TEI4HTR / page2tei

A repository for illustrating the transformation of a PAGE XML file into XML-TEI format, resulting from experimentations made for the LECTAUREP project.
Creative Commons Attribution 4.0 International
15 stars 2 forks source link

Which transformation for PAGE XML elements ? xmlpage_to_tei.xsl v2 documentation #2

Closed HugoSchtr closed 2 years ago

HugoSchtr commented 2 years ago

In the second version of the XSL, transformations (from PAGE XML to TEI) proceed as such:

For metadata:

  <Metadata>
    <Creator>escriptorium</Creator>
    <Created>2021-10-07T07:46:39.064183+00:00</Created>
        <LastChange>2021-10-07T07:46:39.064229+00:00</LastChange>
  </Metadata>

becomes:

   <teiHeader>
      <fileDesc>
         <titleStmt>
            <title>FRAN_0025_3056_L-0</title>
            <respStmt>
               <resp>Transcribed with</resp>
               <name>escriptorium</name>
            </respStmt>
         </titleStmt>
         <publicationStmt>
            <p/>
         </publicationStmt>
         <sourceDesc>
            <p/>
         </sourceDesc>
      </fileDesc>
      <revisionDesc>
         <change when="2021-10-07T07:46:39.064183+00:00">Creation</change>
         <change when="2021-10-07T07:46:39.064229+00:00">Last change</change>
      </revisionDesc>
   </teiHeader>

For the transcription itself:

  <Page imageFilename="FRAN_0025_3056_L-0.jpg" imageWidth="2894" imageHeight="4393">
...

becomes:

<sourceDoc>
      <graphic url="FRAN_0025_3056_L-0.jpg" source="" width="2894px" height="4393px"/>
...

Every <TextRegion> and every baseline (masks and baselines):

    <TextRegion id="eSc_textblock_afbab800"  custom="structure {type:col_1;}">
      <Coords points="421,615 421,2236 465,2211 465,2266 421,2269 425,2449 410,4148 362,4213 205,4228 234,615"/>

      <TextLine id="eSc_line_86b00a8e" >
        <Coords points="285,838 293,812 322,798 380,801 377,863 289,874"/>
        <Baseline points="289,841 389,845"/>
        <TextEquiv>
          <Unicode>198</Unicode>
        </TextEquiv>
      </TextLine>
...

becomes:

<surfaceGrp xml:id="eSc_textblock_afbab800" type="structure_{type:col_1;}">
         <surface>
            <zone xml:id="eSc_line_86b00a8e"
                  type="mask"
                  points="285,838 293,812 322,798 380,801 377,863 289,874">
               <line type="baseline" points="289,841 389,845">198</line>
            </zone>
...
HugoSchtr commented 2 years ago

However, as stated in issue #1, since the points attribute requires at least 3 x,y pairs, we are currently non-TEI compliant.

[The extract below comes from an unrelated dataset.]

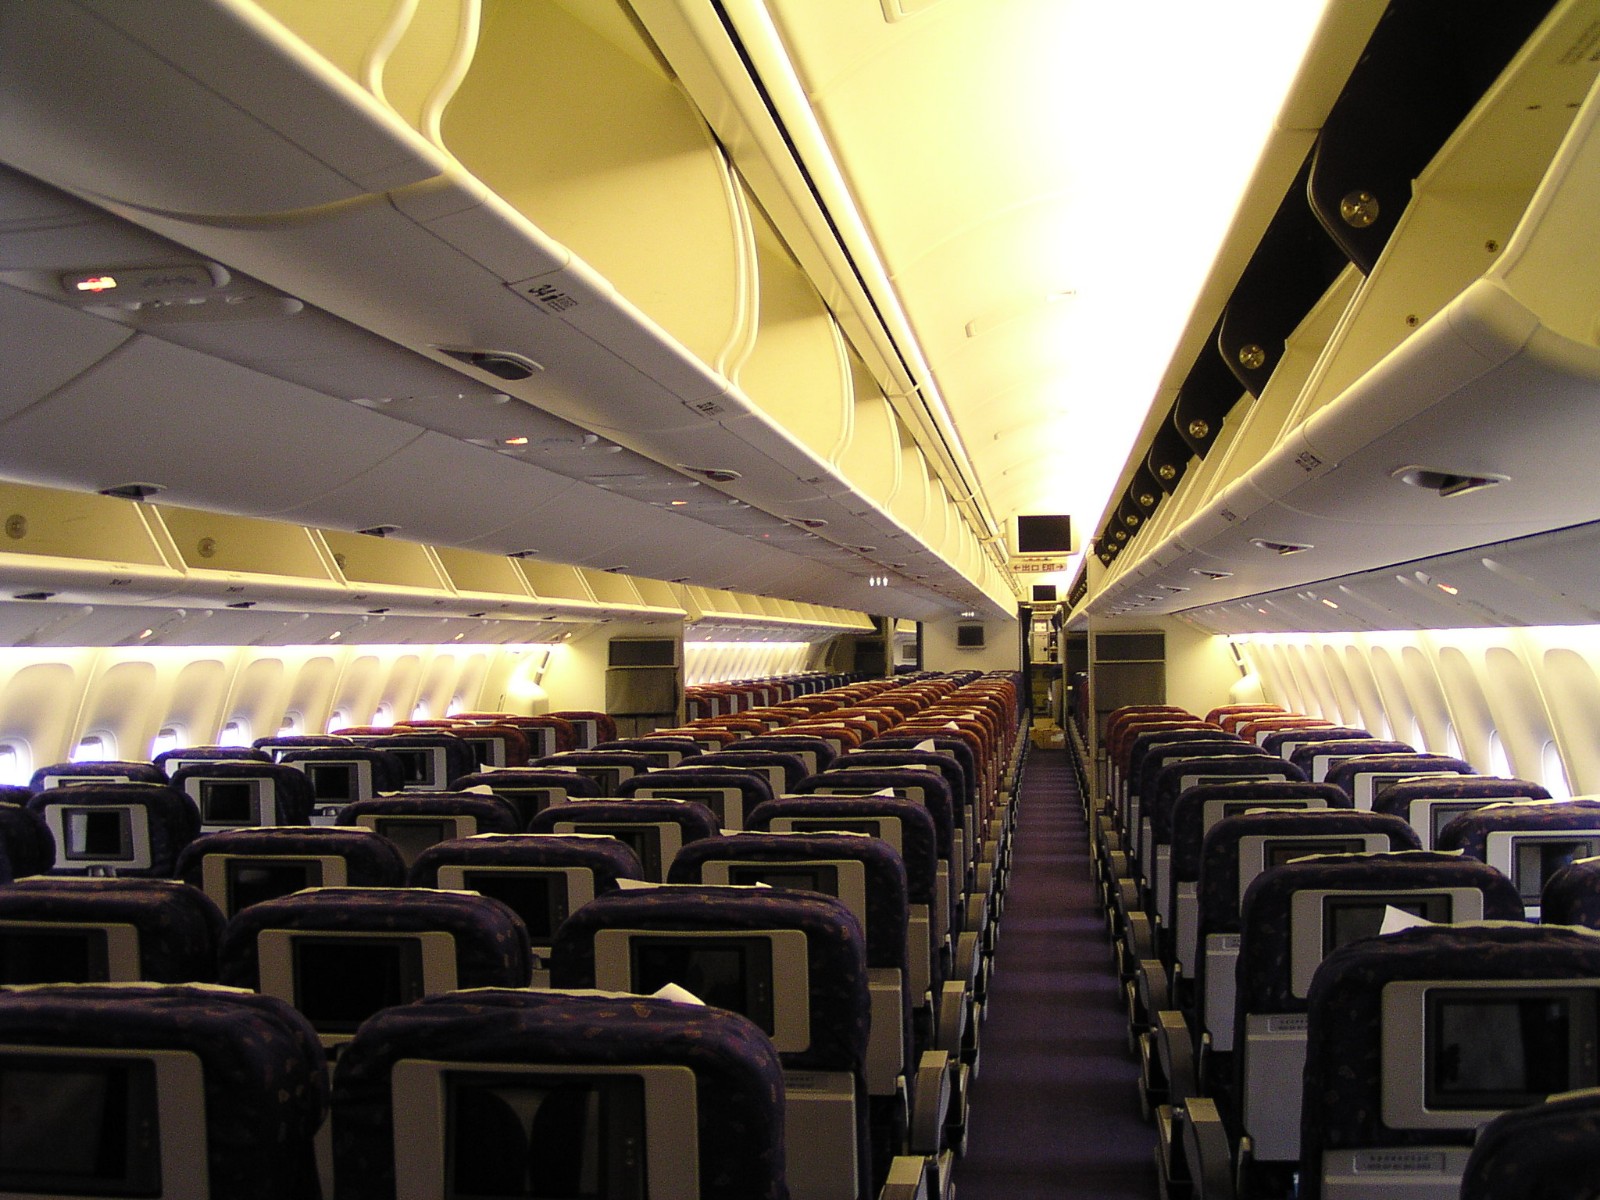 波音737-400内部图片
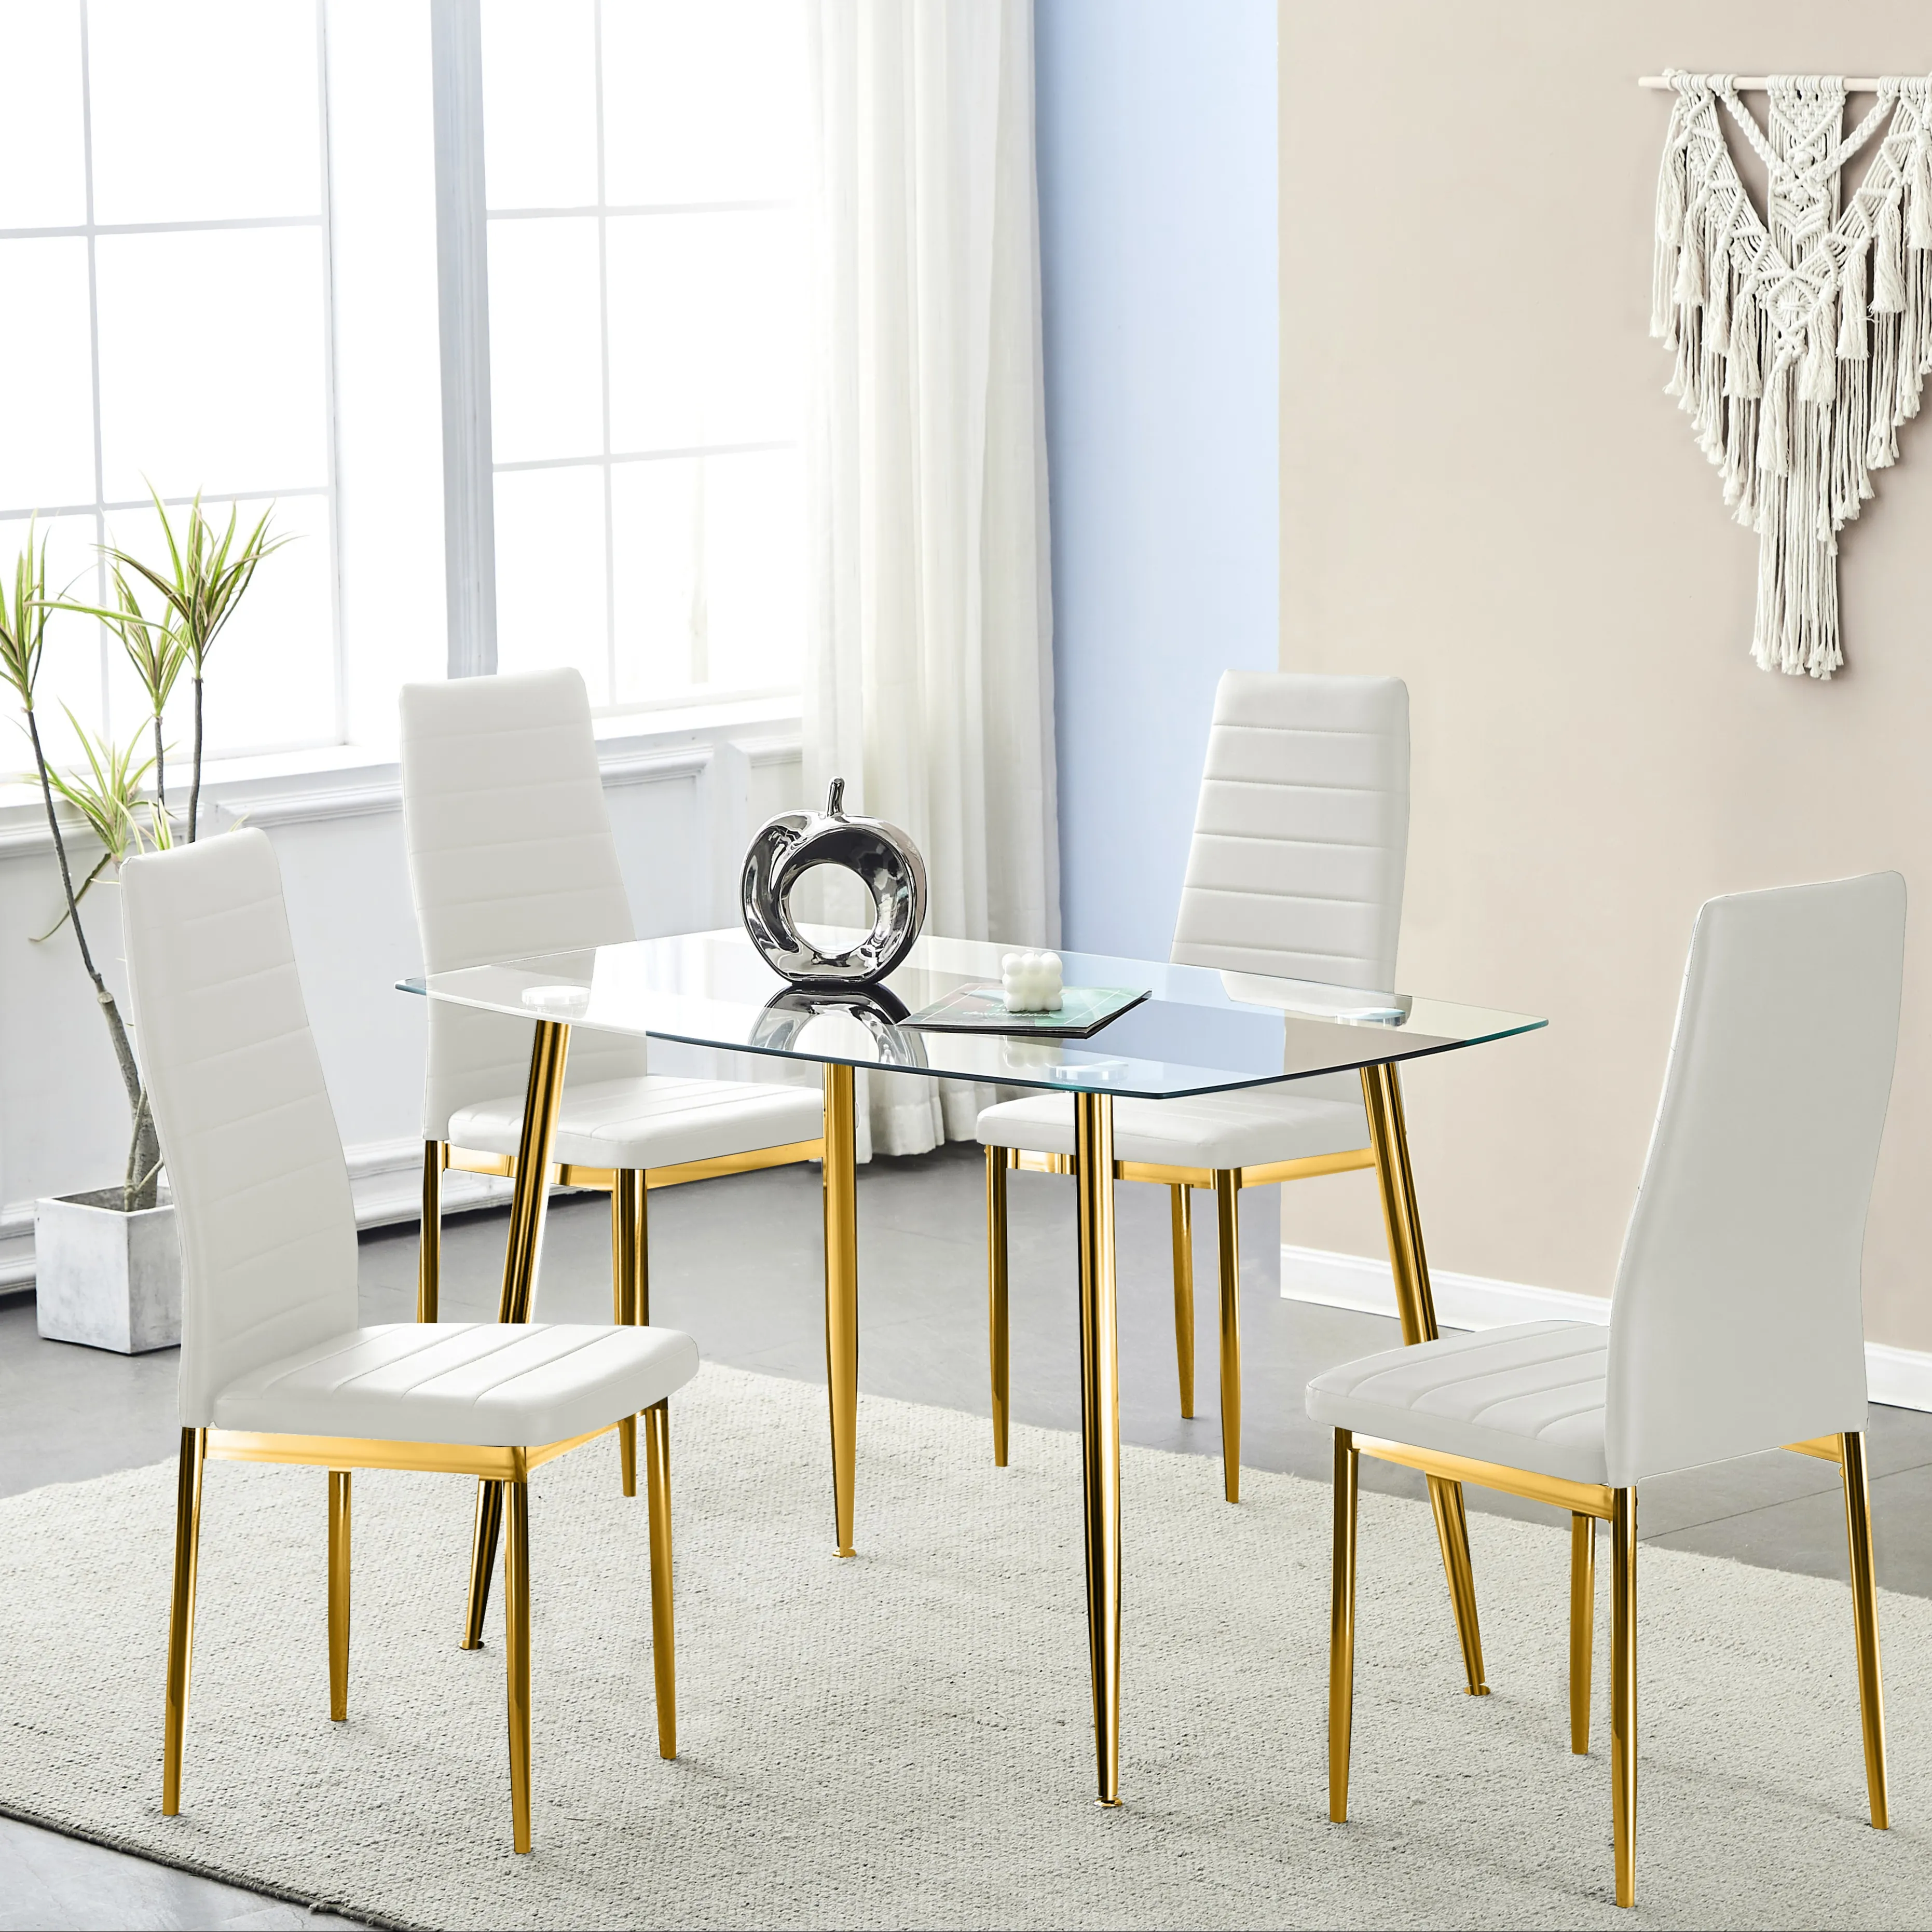 Toptan Custom Made ucuz Modern lüks tasarım cam üst yemek odası mobilyası dayanıklı yemek masası seti ve yemek sandalyesi

HugoSchtr commented 2 years ago

Issue #1 is resolved, here's the new transformation for a baseline page2tei:

<TextRegion id="eSc_textblock_afbab800"  custom="structure {type:col_1;}">
      <Coords points="421,615 421,2236 465,2211 465,2266 421,2269 425,2449 410,4148 362,4213 205,4228 234,615"/>
      <TextLine id="eSc_line_86b00a8e" >
        <Coords points="285,838 293,812 322,798 380,801 377,863 289,874"/>
        <Baseline points="289,841 389,845"/>
        <TextEquiv>
          <Unicode>198</Unicode>
        </TextEquiv>
      </TextLine>
      <TextLine id="eSc_line_4218ebcd" >
        <Coords points="278,981 285,940 311,929 380,948 384,992 359,1028 318,1028 282,1006"/>
        <Baseline points="278,981 384,992"/>
        <TextEquiv>
          <Unicode>199</Unicode>
        </TextEquiv>
      </TextLine>
       ...

becomes:

<surfaceGrp xml:id="eSc_textblock_afbab800" type="structure_{type:col_1;}">
         <surface points="421,615 421,2236 465,2211 465,2266 421,2269 425,2449 410,4148 362,4213 205,4228 234,615">
            <zone xml:id="eSc_line_86b00a8e"
                  type="mask"
                  points="285,838 293,812 322,798 380,801 377,863 289,874">
               <path type="baseline" points="289,841 389,845"/>
               <line>198</line>
            </zone>
            <zone xml:id="eSc_line_4218ebcd"
                  type="mask"
                  points="278,981 285,940 311,929 380,948 384,992 359,1028 318,1028 282,1006">
               <path type="baseline" points="278,981 384,992"/>
               <line>199</line>
            </zone>
            ...

New version of the transformation now includes regions' coordinates from the page XML in the TEI with the <surface> element and its attribute points.